My one big complaint with the combat isn’t the combat itself, it’s how the combat fluctuates around the way the narrative plays out. One thing I loved about Infamous is how the direction you decided to take the narrative shaped your gameplay experience. Based on my first couple of hours with the game, I thought the way the narrative played out would be dependent on the way I chose to approach combat. After completion of the game, I was disappointed to find out this wasn’t the case. With the way, I thought Sucker Punch was promoting this game, I felt it would’ve been better to commit to a narrative that changes based on your gameplay style which I thought was the direction they were heading in based on Act 1. The story doesn’t change course in the slightest besides the very end of the game. Maybe, this issue comes from me being used to a certain narrative style that Sucker Punch goes for but I couldn’t help but feel it would’ve made the game more dynamic.

One thing this game managed to do well is detracting me from the main quest and branching me out to all of the open-world tasks. Along with a lot of other open-world games, Ghost of Tsushima follows the common format of doing the same task frequently such as clearing out enemy areas, fox dens, and composing haiku. This effect of me branching worked on me in Act 1 and a bit of Act 2 but I’ll admit they were wearing thin afterward. The only thing I never got tired of was the Bamboo Strikes because of how fun there were to do. After the 30th Fox Den or so, the process grew tiresome and the tasks just felt like filler instead of things I wanted to explore the island to go complete.

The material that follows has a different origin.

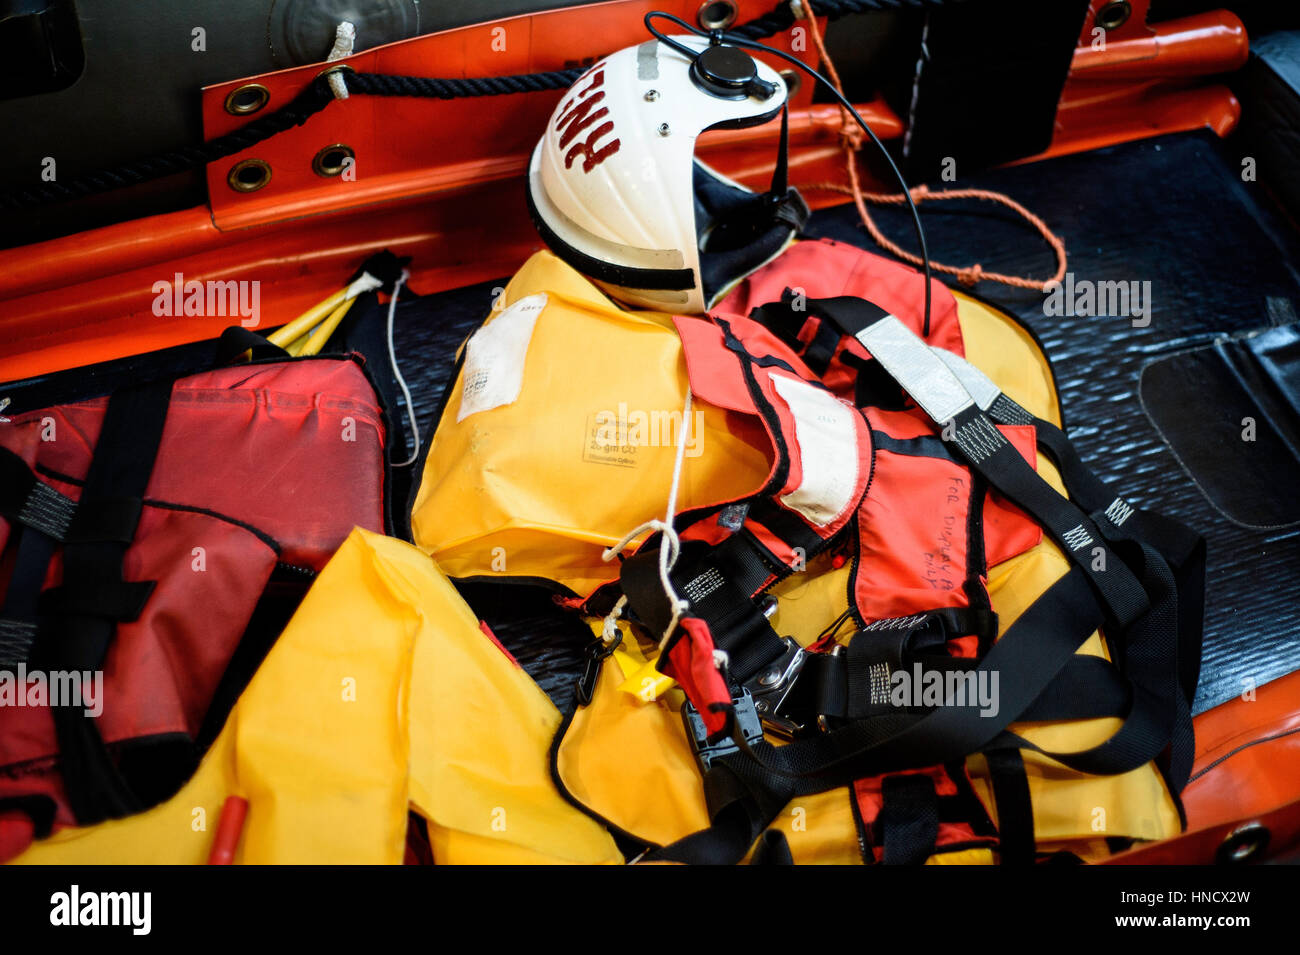 RNLI (Royal National Lifeboat Institution) Stock Photo

I hope based on the images you’ve seen in this review thus far, you realize how beautiful this game is. I’m not an avid photo mode user in video games for the most part but Ghost of Tsushima made me capture more than I’ve ever captured before. The game knows how gorgeous is it, every so often the game will do a wideout shot of the landscape of Tsushima just to let the player take in the world.

Sucker Punch needed to deliver a game that was worthy of ending the PlayStation 4 generation on a high note and they did that and then some. The support for this game isn’t done because as of this writing, Ghost of Tsushima: Legends (co-op multiplayer) is set to release tomorrow as a completely free update. Everything I’ve seen has left me no doubt that Sucker Punch will knock this out of the park.

Ghost of Tsushima is a perfect way to end the PlayStation 4 generation. Most of the issues I have didn’t hinder my experience significantly. The gameplay is top-notch as usual for Sucker Punch, the graphics are outstanding and you’d do yourself a disservice by doing too much fast travel and miss out on taking in the world. Who knows what’s next for Sucker Punch after this outing, maybe it’s a sequel to this game, a new Infamous, or a new IP. One thing is for sure, I’m almost certain I’ll enjoy whatever direction they decide to go in.